[Data records]
=== Section Start ===
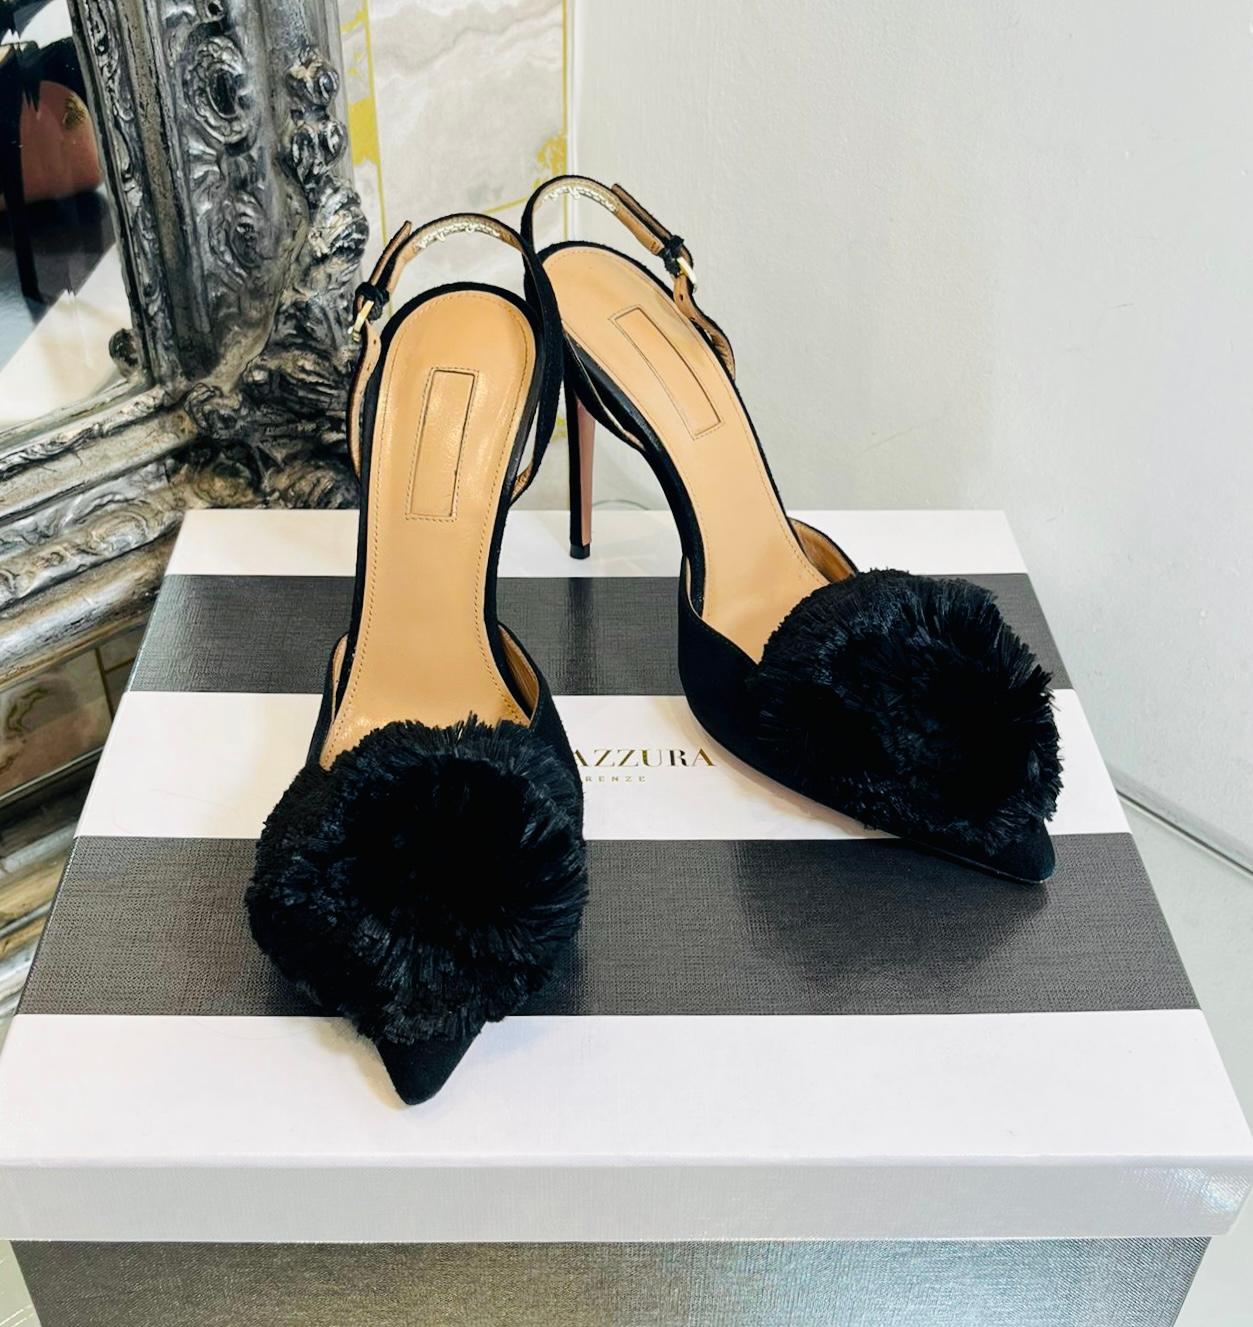 Aquazzura Powder Puff Suede Pumps

Black heels designed with the brand's signature oversized, tonal pompom at the vamp.

Featuring pointed toe, stiletto heel and sling-back style. Rrp £655

Size – 37

Condition – Very Good

Composition –
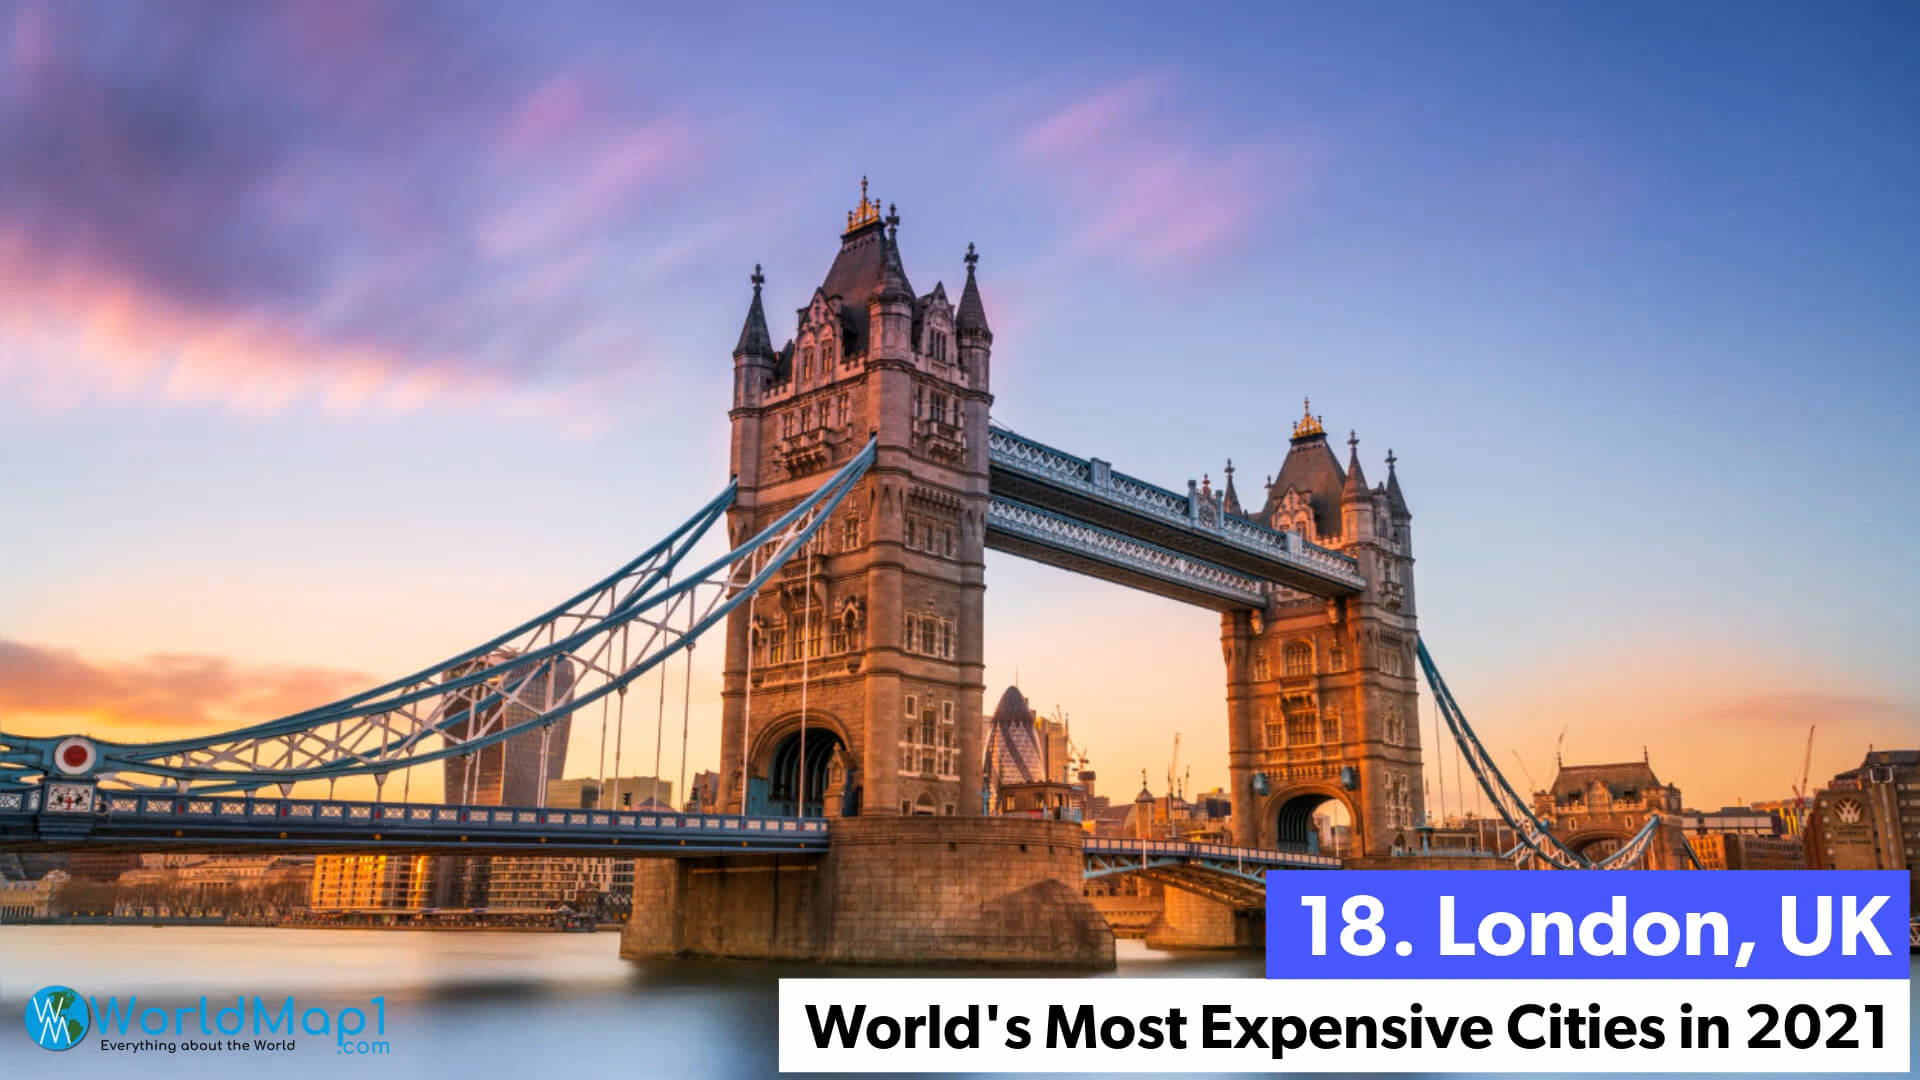 World's Most Expensive Cities - London, UK
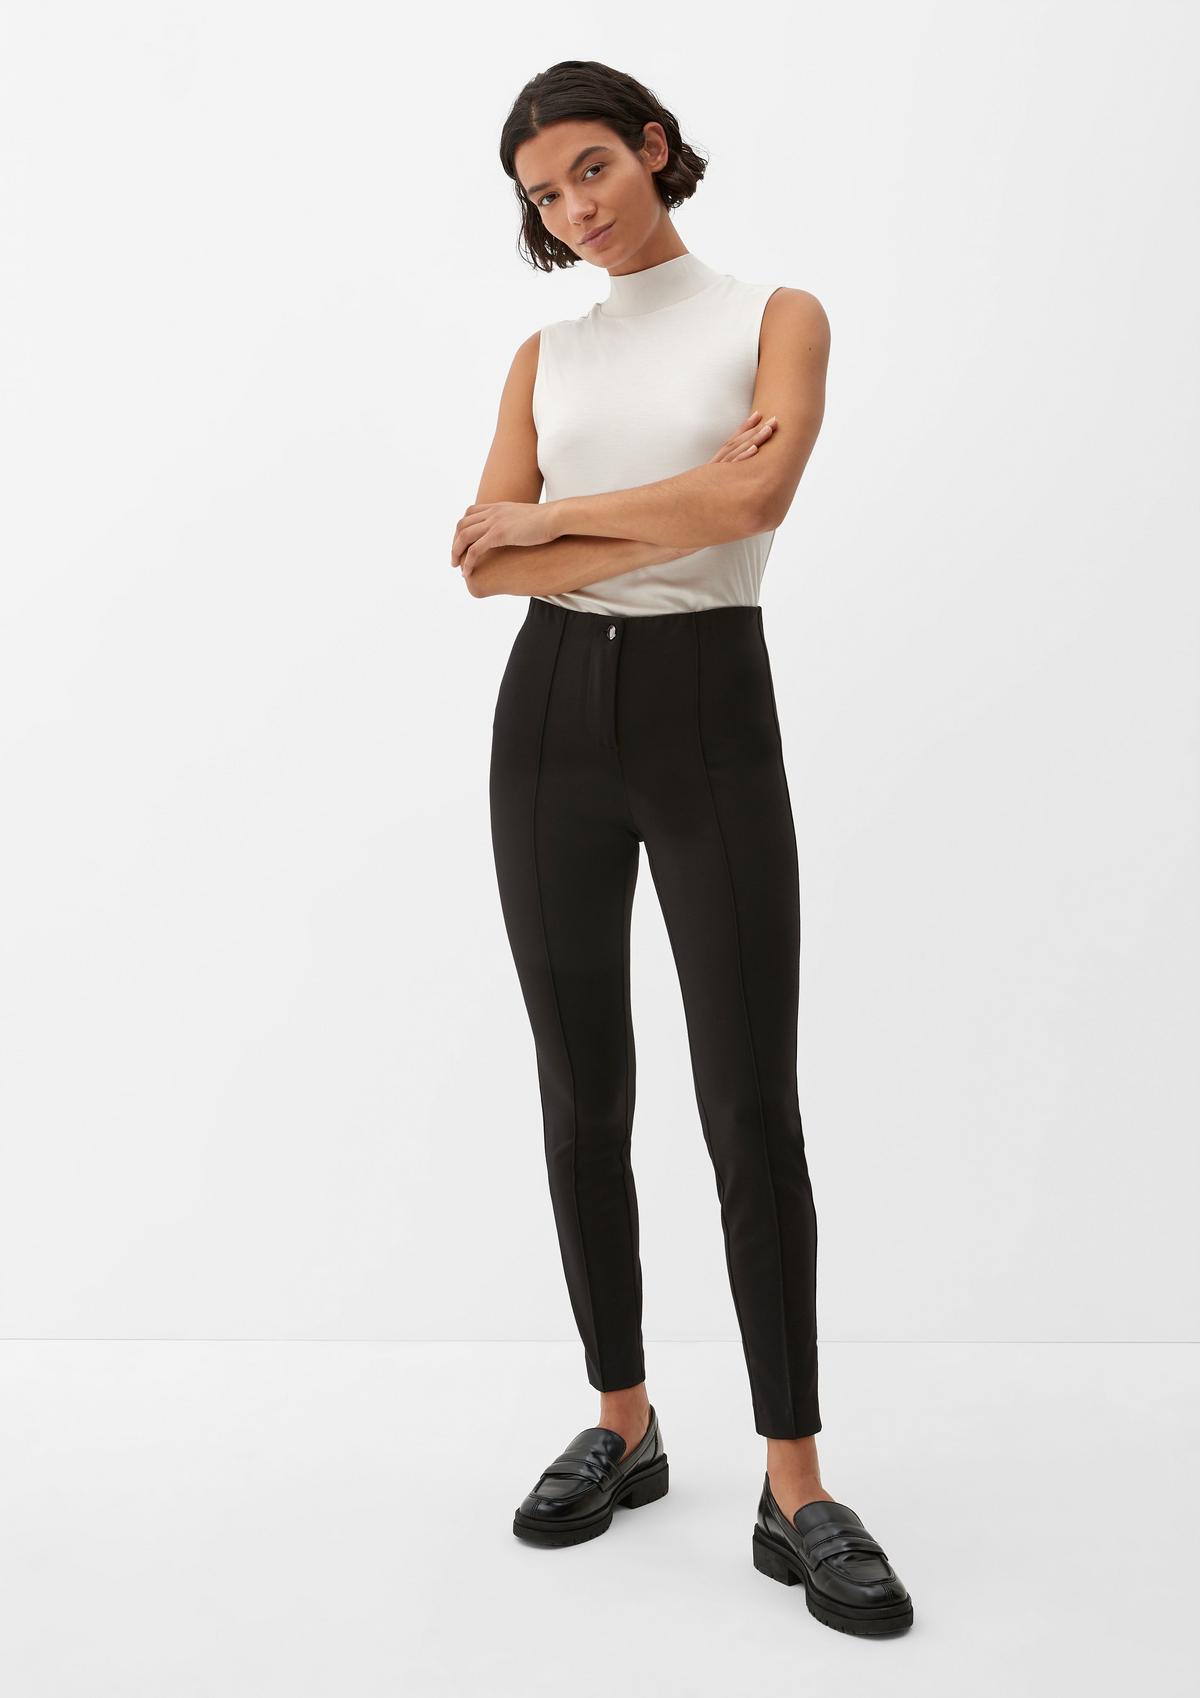 Pintuck Leggings with Slimming Waistband
=== Section End ===
**TASK OBJECTIVE:** Set down exactly and only the lines from the line that contains "Composition –" through the last line of the entries above, with both of those lines included and the pictures left out.

**RESULT OF THIS EXERCISE:**
Composition –
 World's Most Expensive Cities - London, UK
 Pintuck Leggings with Slimming Waistband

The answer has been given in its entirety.